Courtney, McDermott and I have just left a Morgan Stanley party that took place near the Seaport at the tip of Manhattan in a new club called Goldcard, which seemed like a vast city of its own and where I ran into Walter Rhodes, a total Canadian, whom I haven’t seen since Exeter and who also, like McDermott, reeked of Xeryus, and I actually told him, “Listen, I’m trying to stay away from people. I’m avoiding even speaking to them,” and then I asked to be excused. Only slightly stunned, Walter said, “Uh, sure, I, um, understand.” I’m wearing a six-button double-breasted wool-crepe tuxedo with pleated trousers and a silk grosgrain bow tie, all by Valentino. Luis Carruthers is in Atlanta for the week. I did a line of coke with Herbert Gittes at Goldcard and before McDermott hailed this cab to head for Nell’s I took a Halcion to get rid of the edge from the cocaine, but it hasn’t sunk in yet. Courtney seems attracted to McDermott and since her Chembank card wasn’t functioning tonight, at least not at the automated teller we stopped at (the reason being she uses it too often to cut lines of coke with, though she would never admit this; cocaine residue has, at various times, fucked up my card also) and McDermott’s was working, she bypassed mine in favor of his, which means, knowing Courtney, that she wants to fuck McDermott.

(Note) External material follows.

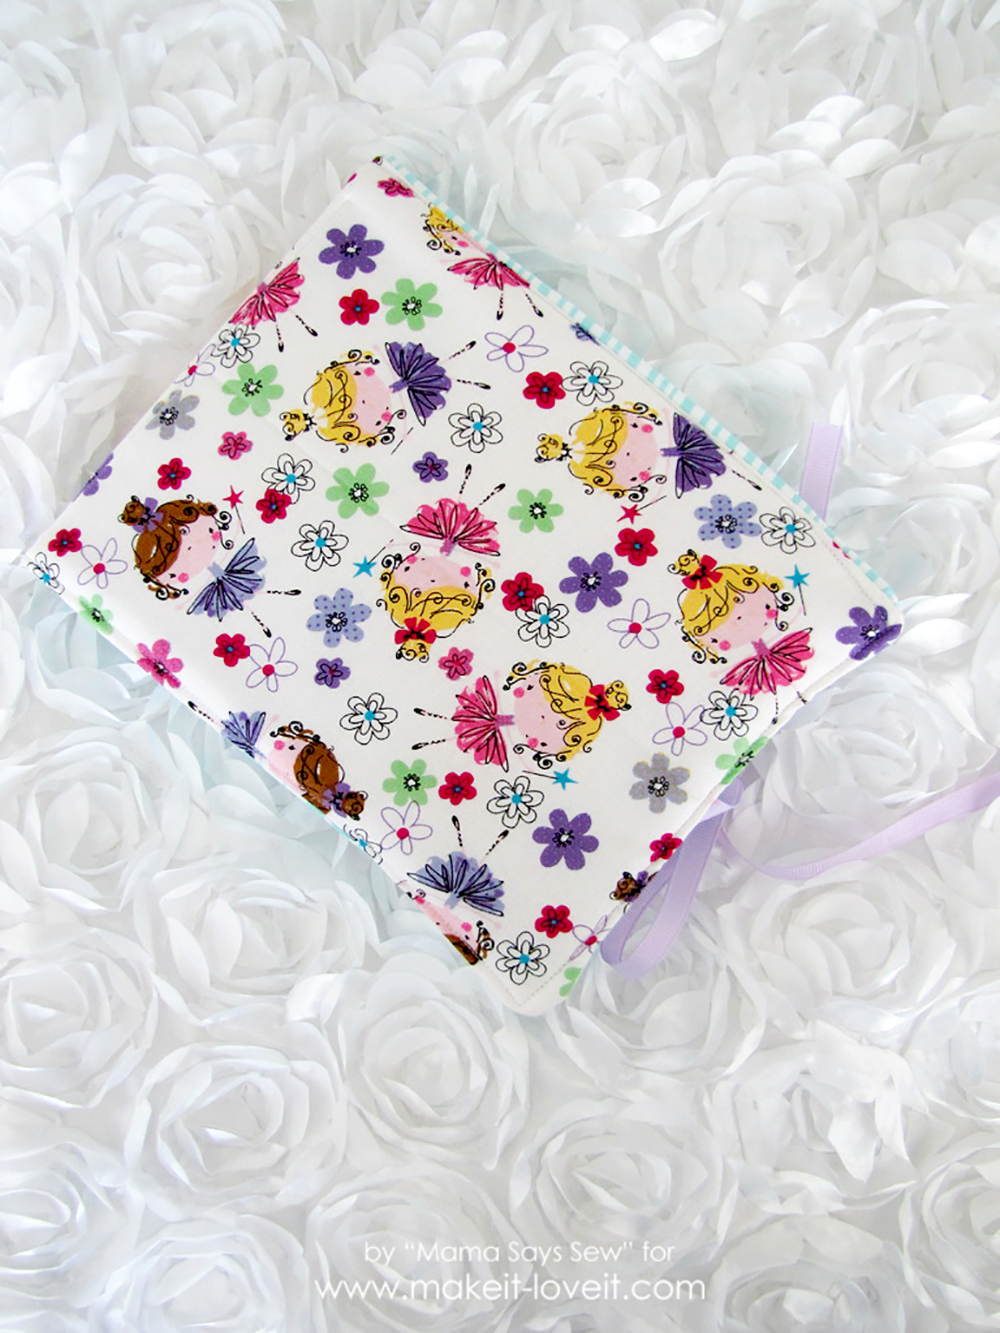 DIY Fabric Photo Album for Baby | via www.makeit-loveit.com

But it doesn’t really matter. Even though I’m more handsome than Craig, we both look pretty much the same. Talking animals were the topic of this morning’s Patty Winters Show. An octopus was floating in a makeshift aquarium with a microphone attached to one of its tentacles and it kept asking—or so its “trainer,” who is positive that mollusks have vocal cords, assured us—for “cheese.” I watched, vaguely transfixed, until I started to sob. A beggar dressed as a Hawaiian frets over a garbage can on the darkened corner of Eighth and Tenth.